Pahala melanjutkan, ketika pejabat negara diundang untuk klarifikasi laporan harta kekayaan penyelenggaraa negara (LHKPN) akibat flexing, pihaknya akan mengorek informasi terkait keseluruhan harta kekayaan yang si pejabat negara terima.
Kemudian KPK akan mengecek rekening koran dari si pejabat menjadi dua bagian. Pertama harta yang tidak dilaporkan, kedua transaksi rekening bank dari yang bersangkutan, pasangannya, hingga anaknya yang patut diduga adanya indikasi sebagai suap atau gratifikasi.
"Jadi tidak ada hubungannya dengan flexing kan tidak ada kita cari tasnya beli di mana? Mobilnya, tidak ada kita cari itu," ujarnya.
Lebih lanjut, dia menyampaikan, jika terendus adanya praktik gratifikasi atau suap dalam transaksi rekening bank, maka status si pejabat yang diklarifikasi LHKPN-nya akan naik tingkat ke penyelidikan.

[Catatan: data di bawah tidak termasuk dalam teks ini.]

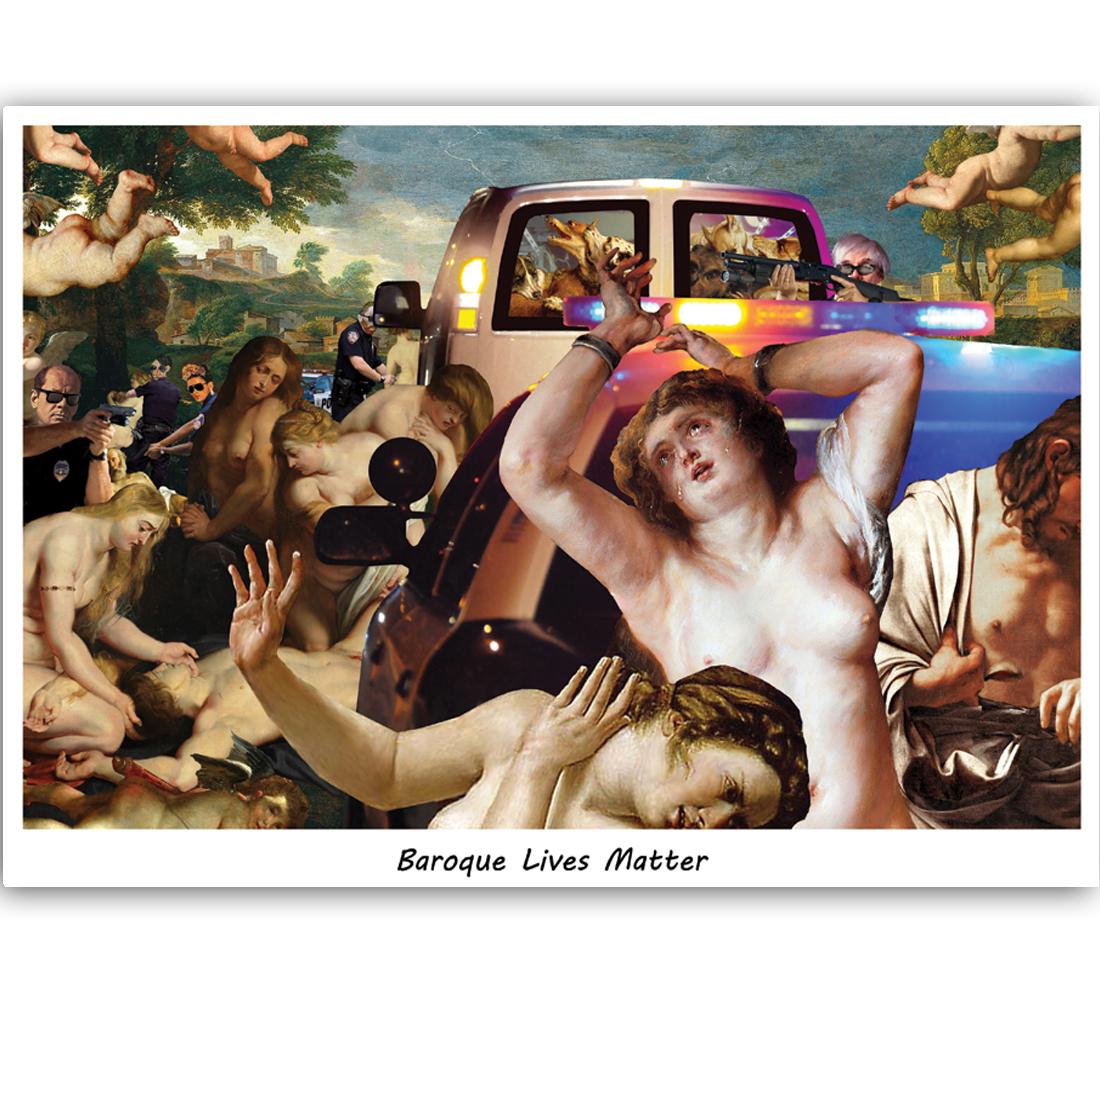 Baroque Lives Matter
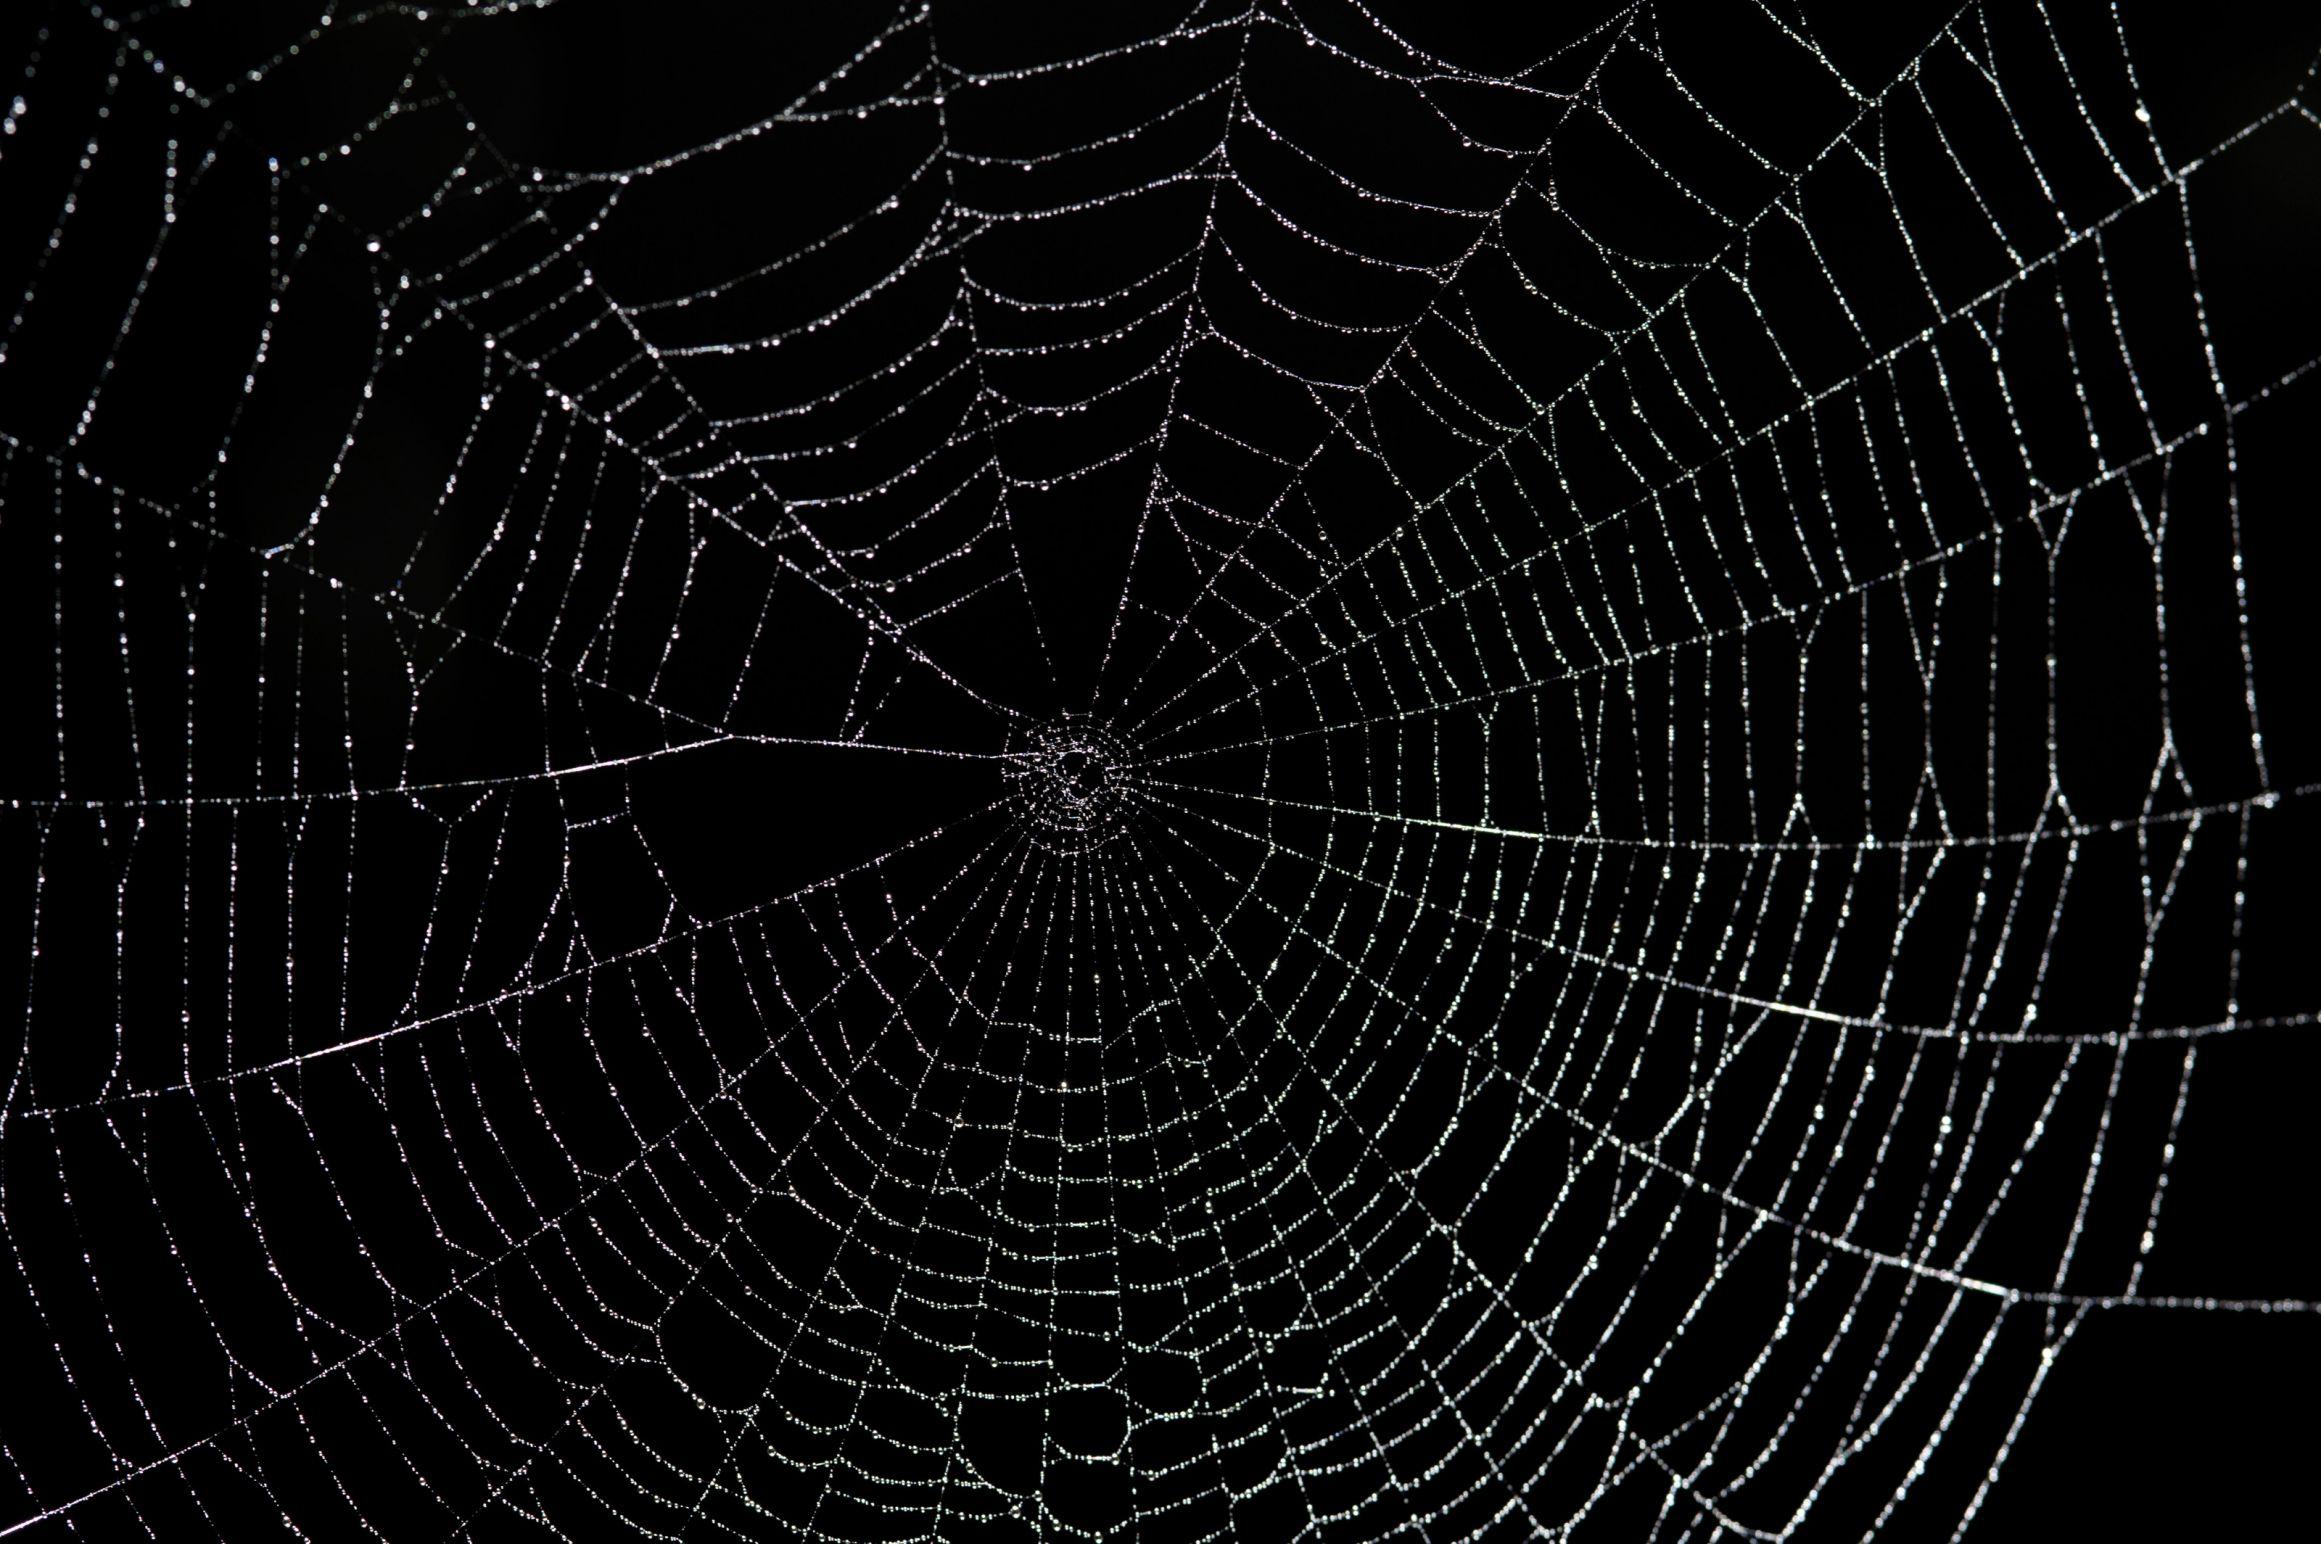 Spider Web Meme Generator - Imgflip

"Jadi pencegahan mendapatkan indikasi adanya suap gratifikasi, ada tim majukan ke penyelidikan. Kalau penyelidikan merasa buktinya cukup, naik lah ke penindakan, nah di penindakan kalau dilihat harta yang banyak ini ternyata patut diduga dari pola-pola ini ditetapkan lah TPPU, jadi flexing nya itu kena di pencucian uang," pungkas dia.